Wednesday, January 20, 2010

Quote: Joseph Stalin (1878-1953)


"A single death is a tragedy; a million deaths is a statistic."

The above quotation came to mind yesterday morning when I was listening to John Stanley on 2UE as I drove to work. Stanley commented that whilst watching the 5.00pm news on TV the afternoon before, there had been a story about a cyclist killed at Silverwater. The visual accompanying the story, Stanley said, showed the cyclist's body half covered with a sheet, an image he found disturbing and unsettling, much more than any of the footage he had seen of the Haiti earthquake disaster.

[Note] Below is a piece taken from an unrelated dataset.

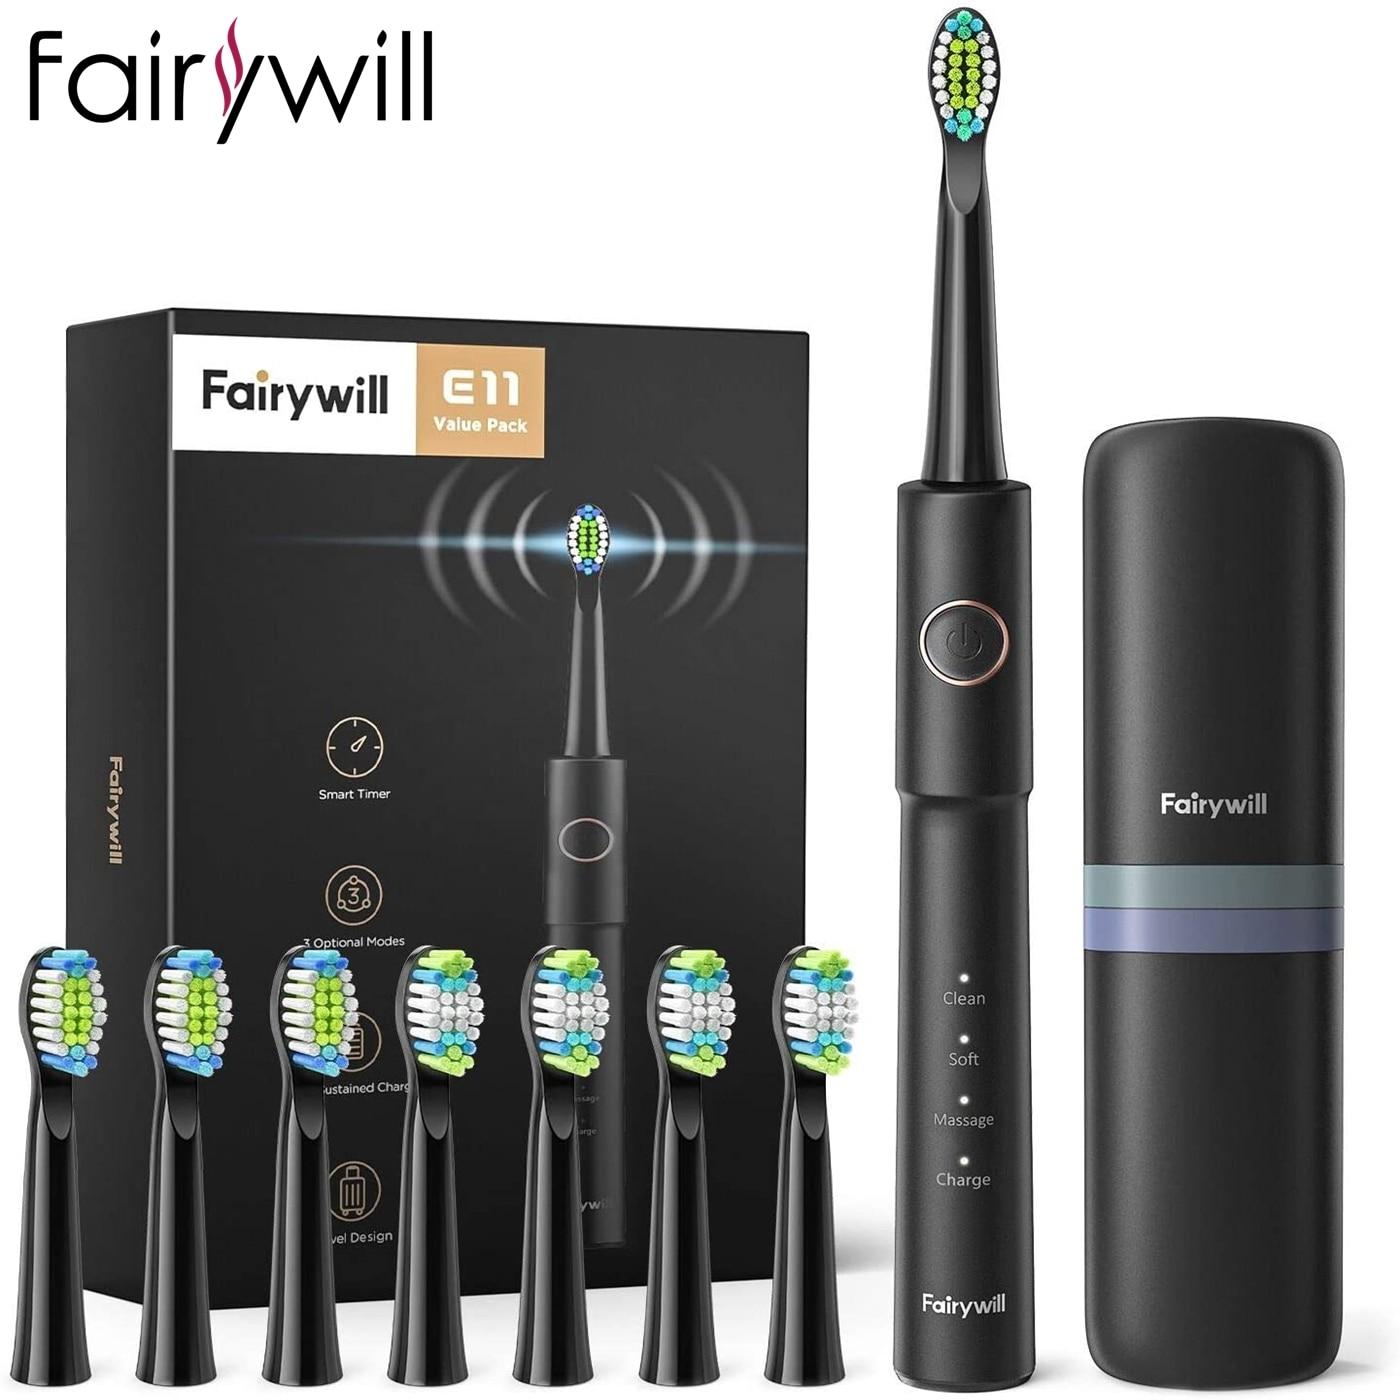 Fairywill فرشاة أسنان كهربائية بالموجات الصوتية E11 للماء USB تهمة فرشاة الأسنان الكهربائية القابلة لإعادة الشحن 8 فرشاة استبدال رؤساء الكبار

Maybe it's because a death in our own backyard is more immediate; maybe we can relate to it more than the poverty of Haiti; perhaps there is truth in the old saying (from when Lady Diana was alive) that in the scale of newsworthiness, the death of 100,000 in Asia or India equaled the death of 5 in Australia equaled a picture of Diana crying; or perhaps we have been hardened and made cynical by the blatant emotional blackmail of pictures of kids with big eyes and swollen bellies staring into the camera lens so as to look us in the eye. Have we become hardened to watching disasters befall the lower socio-economic groups in the world - the tsunami, Haiti, Hurricane Katrina - or has it always been so? Thoughts?